I know some of these policies would not work in other countries. The strict quarantine and tracking policies might anger some people who felt they hurt their civil rights and privacy. Also, in democratic countries, officials don’t like to offend voters and lose their votes. The way Chinese central government was able to mobilize huge resources would be impractical in other countries, where resources are private.

But in the end, China successfully defeated the pandemic.

Through early October, three-quarters of China’s COVID-19 cases have been in Hubei Province, unlike that the virus has spread to every corner of the U.S. China’s death toll so far is about 4,700 and confirmed cases are 91,000. Those numbers are obviously smaller than many countries. Wuhan, the once epicenter of COVID-19, ended its lockdown on April 8, and life had returned to normal for the rest of China earlier. However, in many countries, they are still not sure whether they can control the virus by the end of 2020. 

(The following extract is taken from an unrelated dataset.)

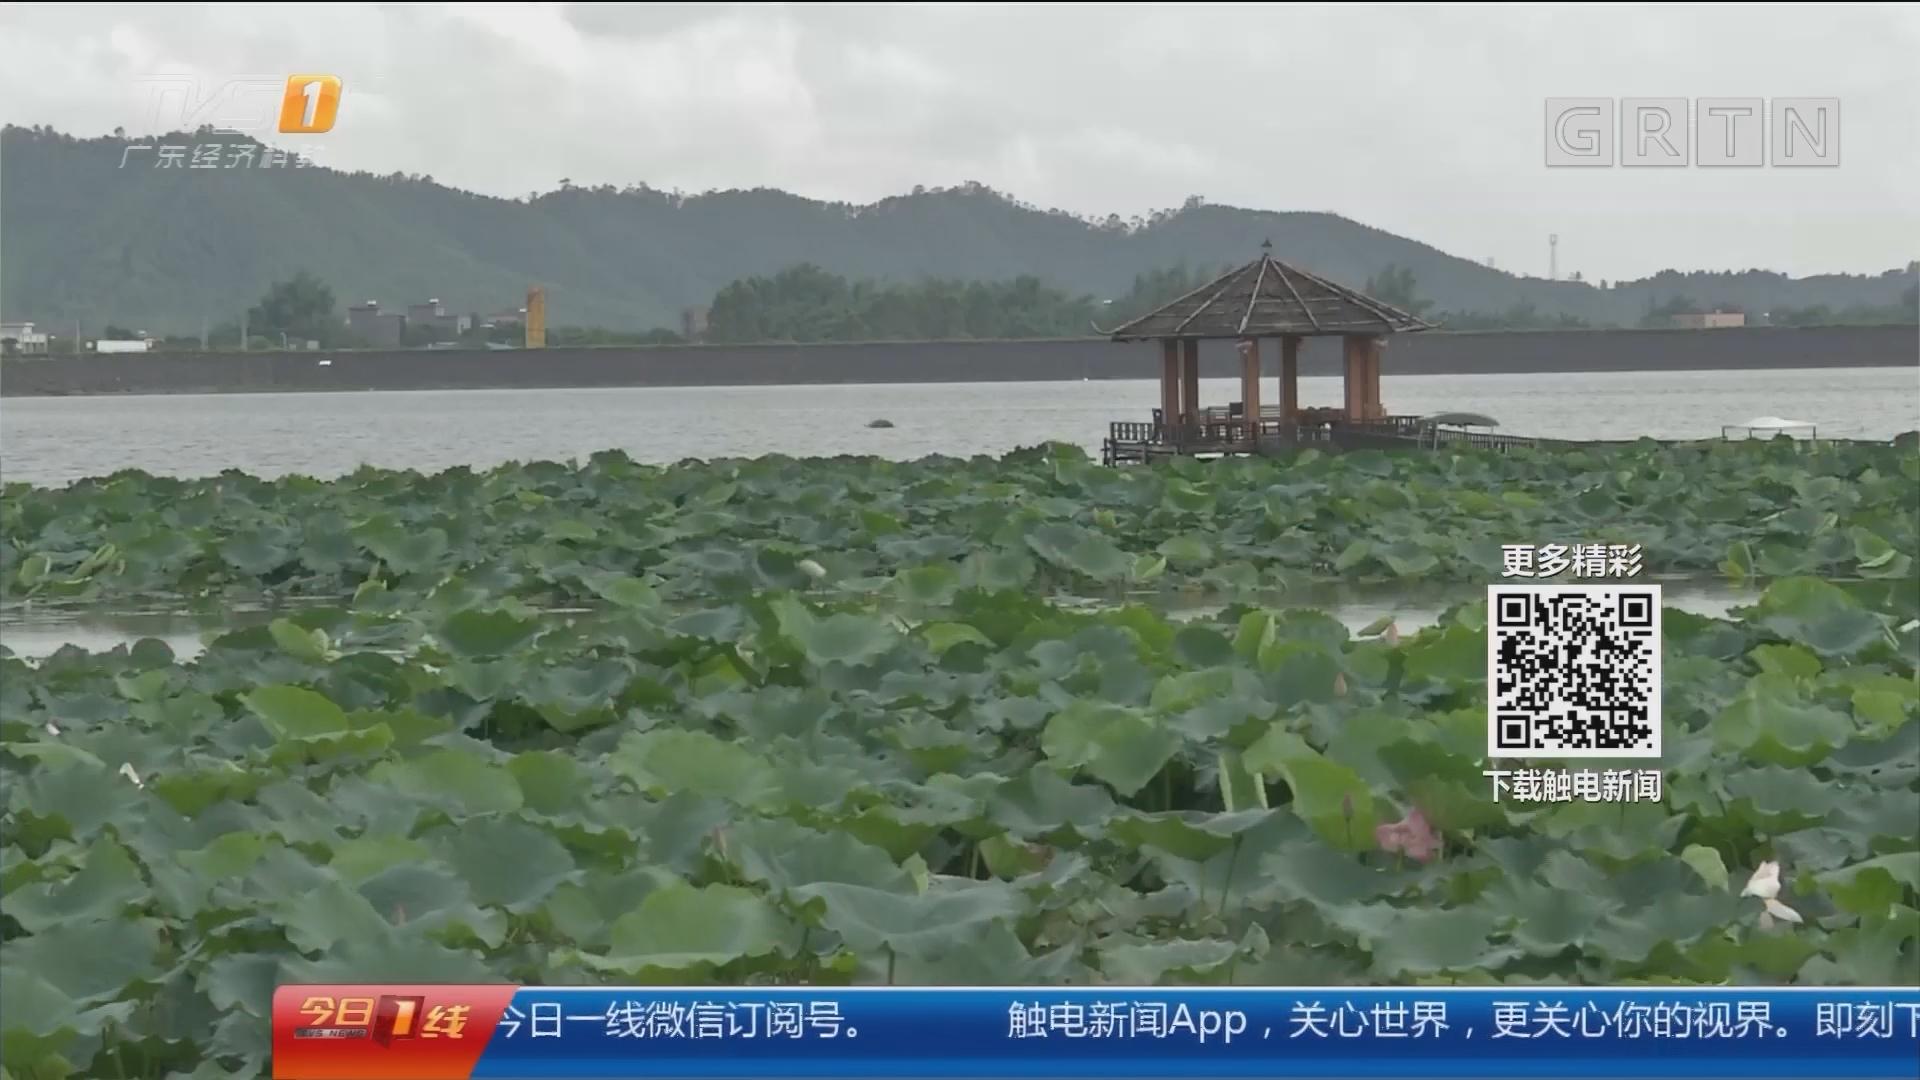 2018阳春荷花节:第二届阳春荷花节 七月七盛夏开幕

When I was in Boston early this year, I was sad and angry seeing the tragedy in Wuhan happen again and again in U.S. cities, from New York City to Miami, Los Angeles, and then to Houston. The policies in China may be too harsh to some degree, but many measures in the U.S. are too inefficient. 

Supportive citizens in a collectivism culture

Many western publications have written about how China defeated coronavirus quickly, but I feel most of them missed a crucial factor — Chinese people supported policies like masks wearing, social distance and self-isolation.

People in Asian countries like Japan, South Korea and Vietnam are also supportive of those virus-control policies. 

But the same policies have been opposed by many western residents. In the U.S., some people believe the coronavirus is a lie, question mask wearing, and demand reopening the economy, even though the pandemic is still severe. 

Why are Asians more supportive? Because their personalities are more obedient than western people? Or they have limited ways to argue policymaking with their governments? There may be something to that. 

But I think the deeper reason is we grow up in a collectivist culture. We will feel very sorry and even guilty if we break the virus-control rules and spread the virus to people around us. 

Take myself as an example: although I’m pretty healthy and I believe I can survive the coronavirus, I didn’t leave my apartment  unless necessary when I was in Boston. I had two roommates and I didn’t want to increase their risk of catching the virus. 

If they were ill, their parents in China would be upset. Even if they recovered quickly I would feel bad about them going to the hospital, paying for treatment and being quarantined at home. I would feel worse if they suffered long-term effects and they were mad at me. Additionally, it would be a shame if my parents and friends knew that I didn’t take the virus-control seriously and spread the virus to my roommates. 

That’s the collectivist culture I mean among Chinese people. It is in our education and we grow up with it. 

When I was in elementary school, if I was late for a big group activity, I would feel ashamed. Not only because I made the whole class wait for me, but also made my class fall behind other classes. Punctuality is a good trait and my lateness would make my class seem not as good as other classes. 

In other words, Chinese people value group interest more than people in many other countries. We think it’s acceptable to hurt individual interest a little bit to protect the group interest. 

People enjoy outdoor time at Beijing Olympic Green,
Oct.7,2020. Photo credit: Yunjia Hou

That’s why people in Wuhan were generally supportive of the strict lockdown policies. They lived 76 days uncomfortably, in exchange for knowing they helped the country’s well being in the long run. And that’s why my roommates and I stopped doing outdoor activities to protect our health and interest as a unit. 

I’m not saying individual interests are not important. Nobody likes his or her interest to be violated. But when it comes to a crisis like the COVID-19 pandemic, when problems cannot be solved in regular ways, sometimes individuals must bend to protect the long-term interests of the group.